Expression of apical membrane L-glutamate transporters in neonatal porcine epithelial cells along the small intestinal crypt-villus axis.

作者信息

Fan Ming Z, Matthews James C, Etienne Nadege M P, Stoll Barbara, Lackeyram Dale, Burrin Douglas G

机构信息

USDA/ARS Children's Nutrition Research Center, Dept. of Pediatrics, Baylor College of Medicine, 1100 Bates St., Houston, TX 77030, USA.

出版信息

Am J Physiol Gastrointest Liver Physiol. 2004 Aug;287(2):G385-98. doi: 10.1152/ajpgi.00232.2003. Epub 2004 Mar 25.

Abstract

Enteral l-glutamate is extensively utilized as an oxidative fuel by the gut mucosa in the neonate. To identify major uptake pathways and to understand uptake regulation, we examined transport kinetics and molecular identities of apical membrane l-glutamate transporters in epithelial cells sequentially isolated along the small intestinal crypt-villus axis from milk protein-fed, 16-day-old pigs.
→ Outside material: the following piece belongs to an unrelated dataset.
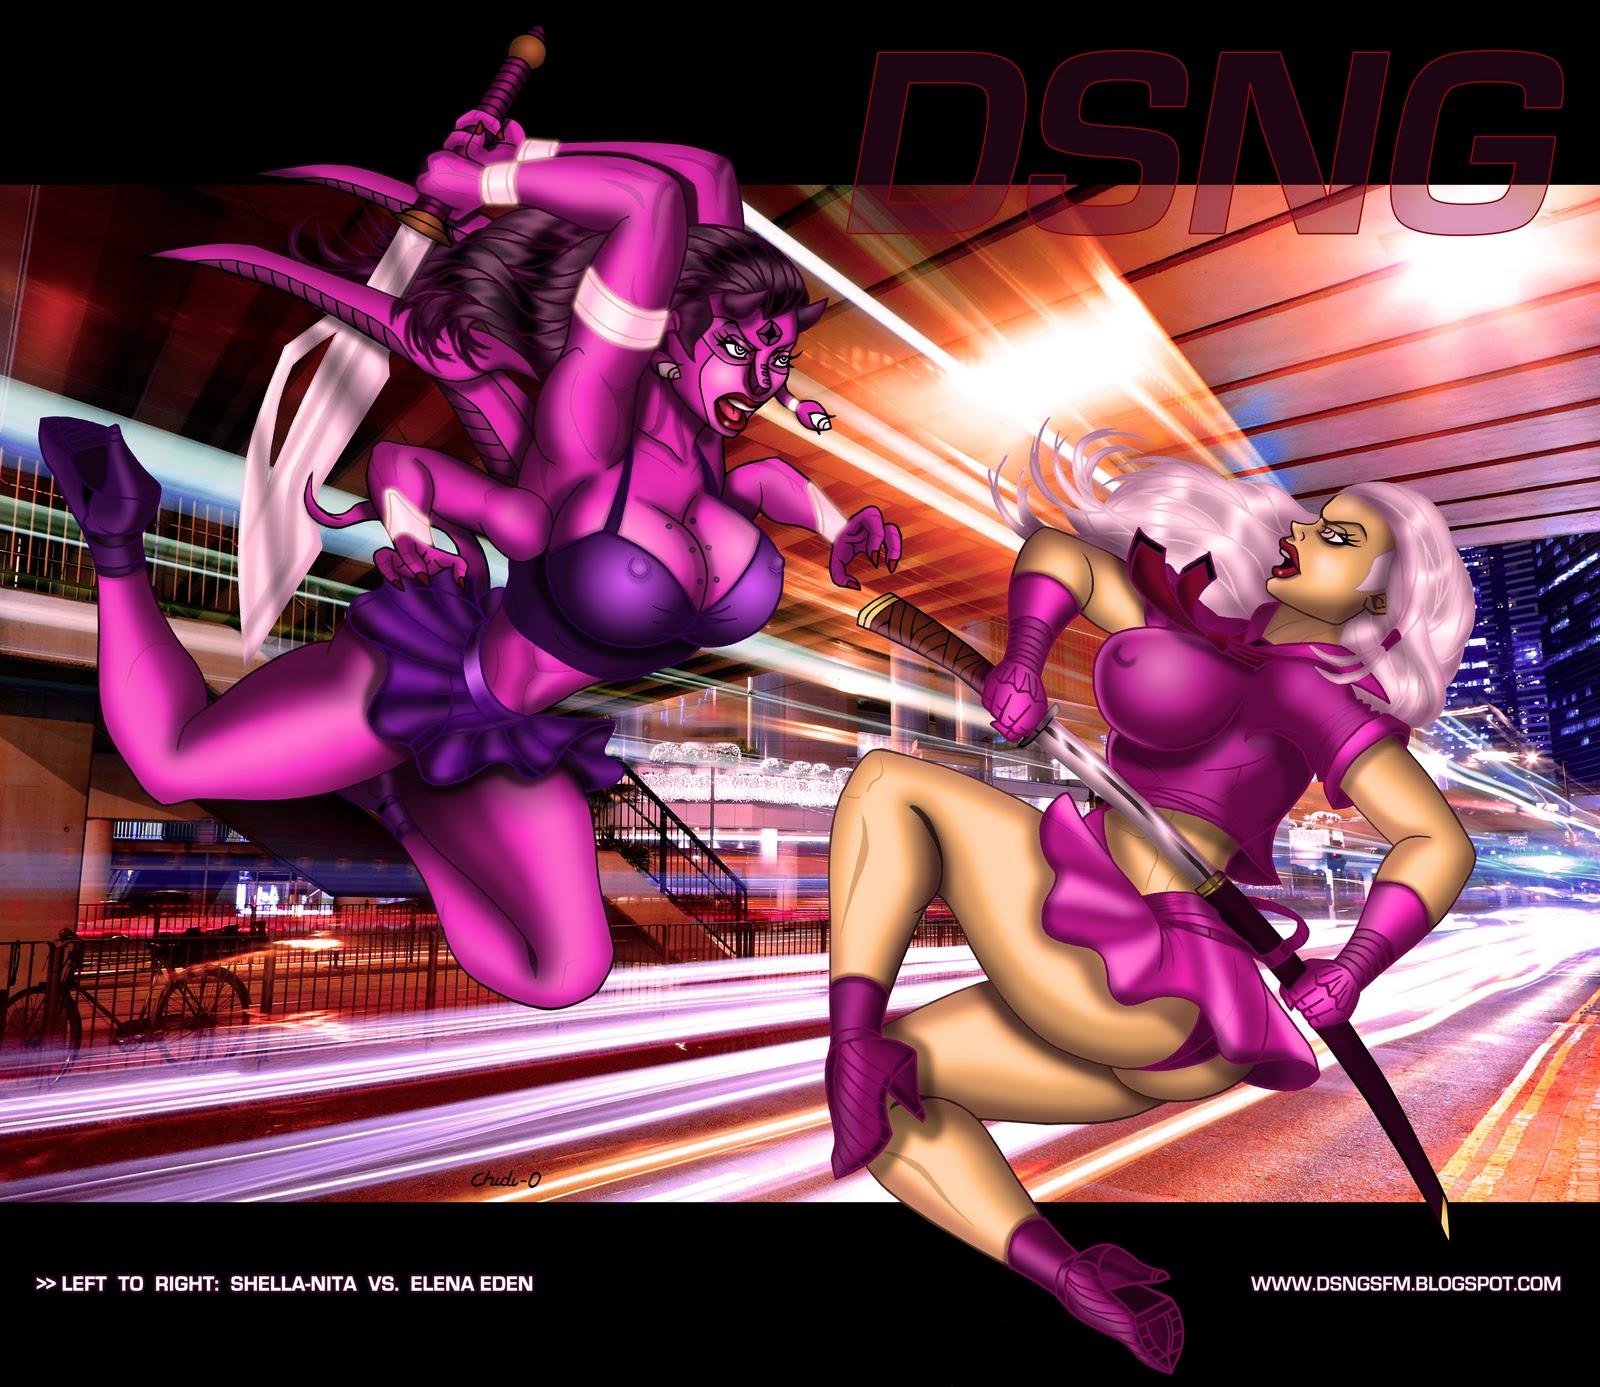 Erotic comics sci fi

The distended intestinal sac method was used to isolate 12 sequential cell fractions from the tip villus to the bottom crypt. Initial rates and kinetics of l-glutamate uptake were measured with l-[G-(3)H]glutamate by fast filtration in apical membrane vesicles prepared by Mg(2+) precipitation and differential centrifugation, with membrane potential clamped by SCN(-). Initial l-glutamate uptake results suggested the presence of B(o) and X(AG)(-) transport systems, but the X(AG)(-) system was predominant for uptake across the apical membrane. Kinetic data suggested that l-glutamate uptake through the X(AG)(-) system was associated with higher maximal transport activity but lower transporter affinity in crypt than in villus cells. Molecular identity of the X(AG)(-) glutamate transporter, based on immunoblot and RT-PCR analysis, was primarily the defined excitatory amino acid carrier (EAAC)-1. EAAC-1 expression was increased with cell differentiation and regulated at transcription and translation levels from crypt to upper villus cells. In conclusion, efficiency and capacity of luminal l-glutamate uptake across the apical membrane are regulated by changing expression of the X(AG)(-) system transporter gene EAAC-1 at transcription and translation levels as well as maximal uptake activity and transporter affinity along the intestinal crypt-villus axis in the neonate.

摘要

肠内L-谷氨酸在新生儿肠道黏膜中被广泛用作氧化燃料。为了确定主要的摄取途径并了解摄取调节机制,我们研究了从以乳蛋白喂养的16日龄仔猪小肠隐窝-绒毛轴依次分离的上皮细胞顶膜L-谷氨酸转运体的转运动力学和分子特性。采用膨胀肠囊法从绒毛顶端到隐窝底部依次分离出12个细胞组分。通过Mg(2+)沉淀和差速离心制备顶膜囊泡,用SCN(-)钳制膜电位,以L-[G-(3)H]谷氨酸通过快速过滤法测定L-谷氨酸摄取的初始速率和动力学。L-谷氨酸摄取的初始结果表明存在B(o)和X(AG)(-)转运系统,但X(AG)(-)系统在顶膜摄取中占主导地位。动力学数据表明,通过X(AG)(-)系统摄取L-谷氨酸时,隐窝细胞的最大转运活性较高,但转运体亲和力低于绒毛细胞。基于免疫印迹和RT-PCR分析,X(AG)(-)谷氨酸转运体的分子特性主要是已确定的兴奋性氨基酸载体(EAAC)-1。EAAC-1的表达随细胞分化而增加,并在转录和翻译水平上从隐窝到绒毛上部细胞受到调节。总之,新生儿肠腔内L-谷氨酸跨顶膜摄取的效率和能力通过在转录和翻译水平上改变X(AG)(-)系统转运体基因EAAC-1的表达以及沿小肠隐窝-绒毛轴的最大摄取活性和转运体亲和力来调节。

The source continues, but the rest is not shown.